[DATA BELOW]

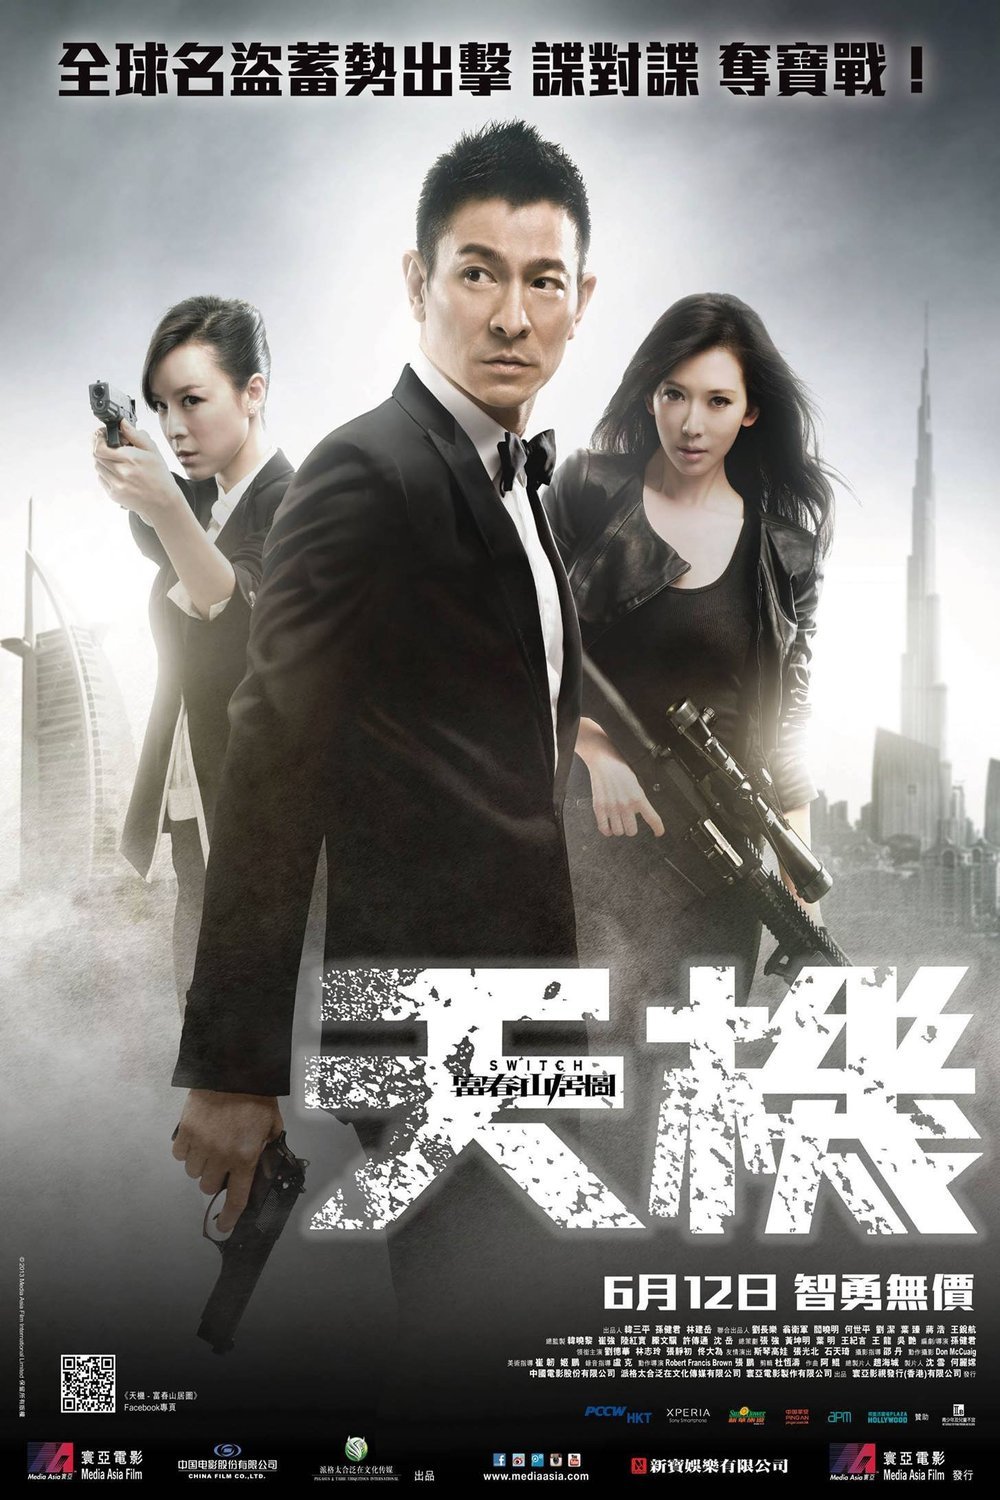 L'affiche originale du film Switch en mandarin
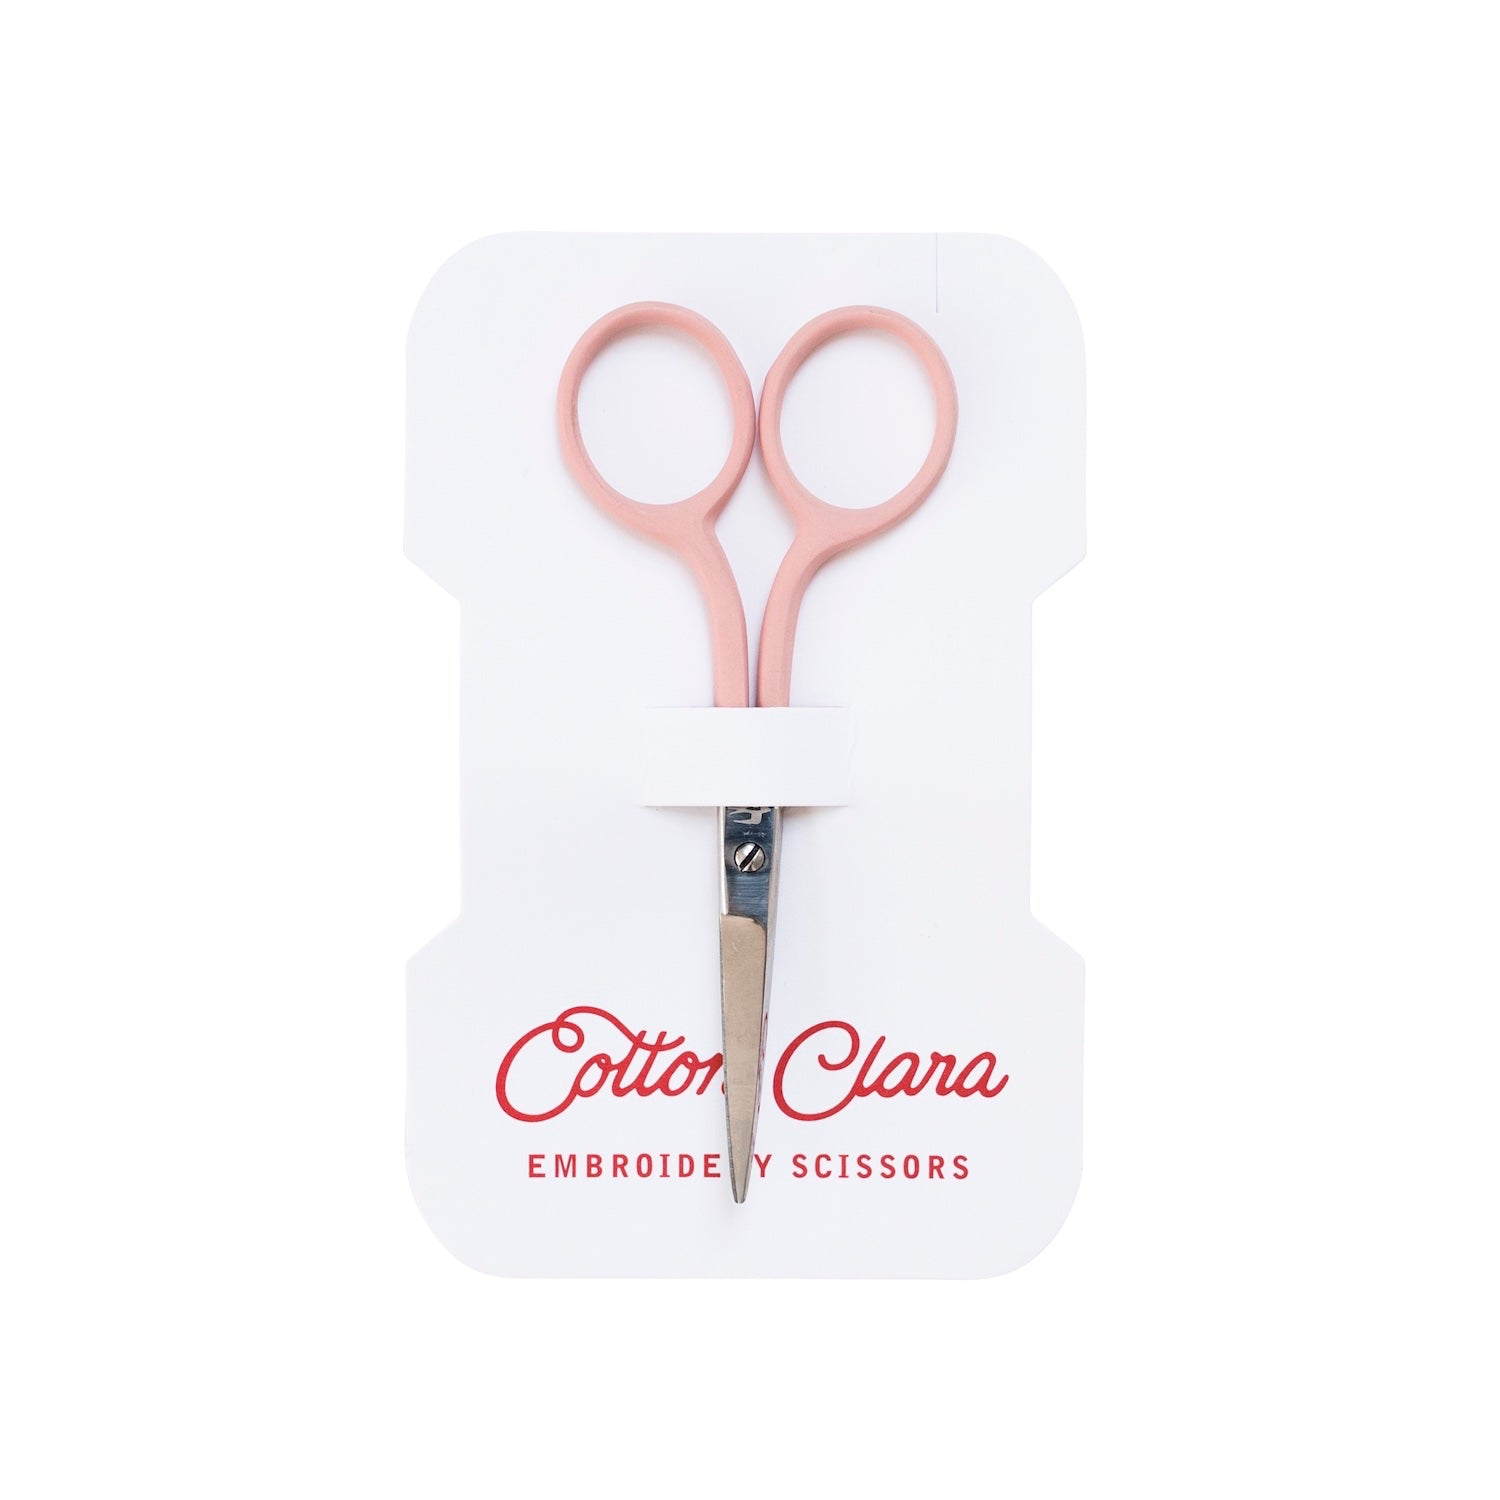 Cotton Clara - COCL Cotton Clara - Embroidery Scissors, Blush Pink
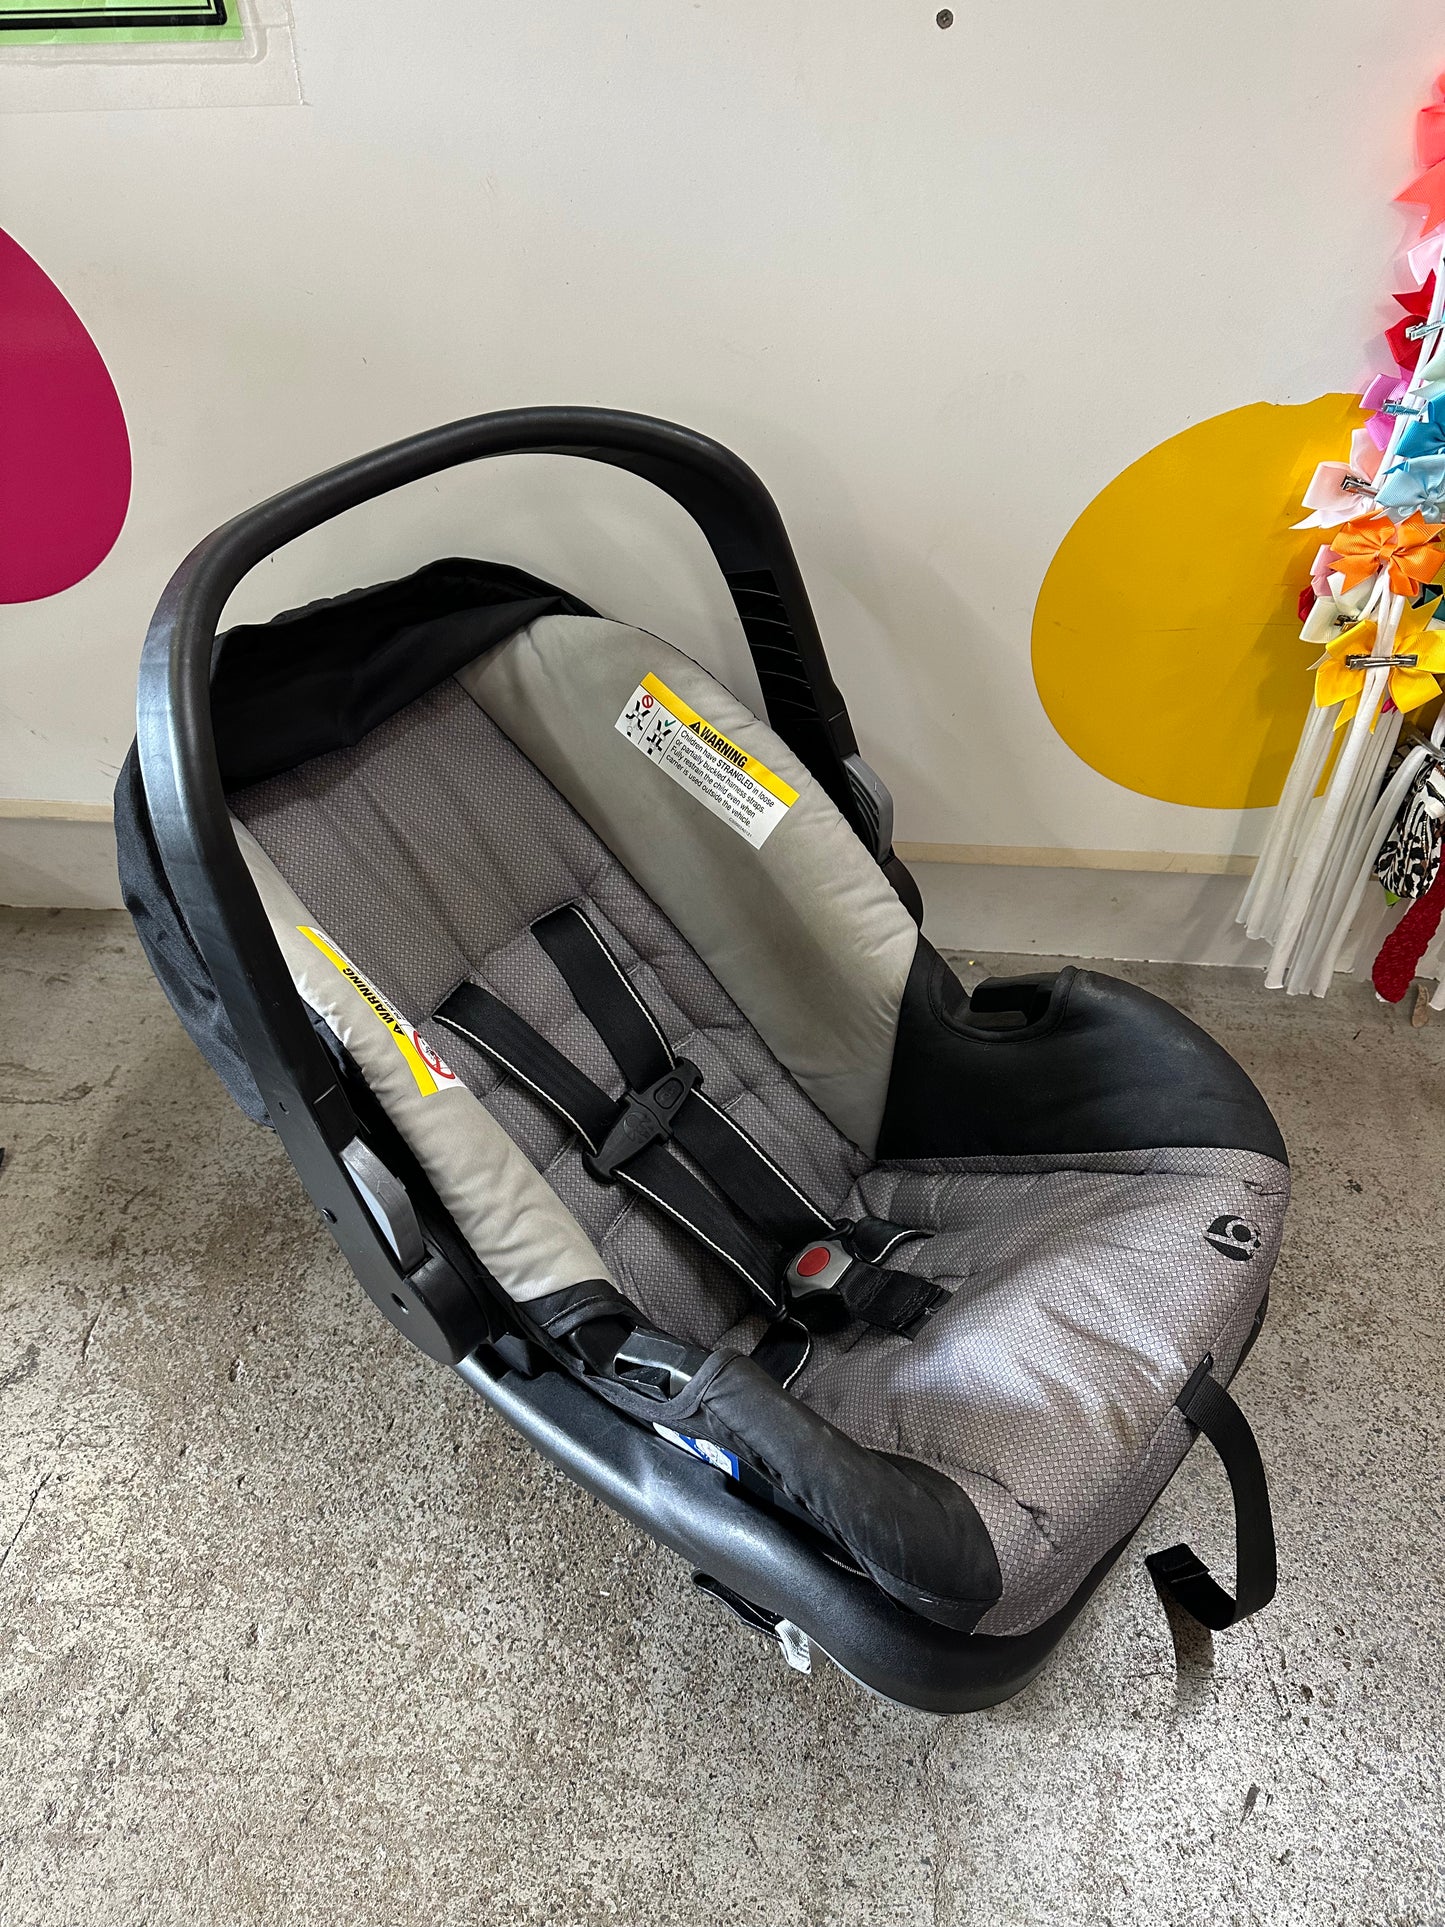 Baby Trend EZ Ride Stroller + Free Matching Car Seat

[/DATA BELOW]

> **WHAT THE EXERCISE ASKS**
Print only the lines from the line that contains "Cotton Clara - COCL" to the final line of the data, inclusive. Pictures stay out.

> **SOLUTION FOR THIS TASK**
 Cotton Clara - COCL Cotton Clara - Embroidery Scissors, Blush Pink
 Baby Trend EZ Ride Stroller + Free Matching Car Seat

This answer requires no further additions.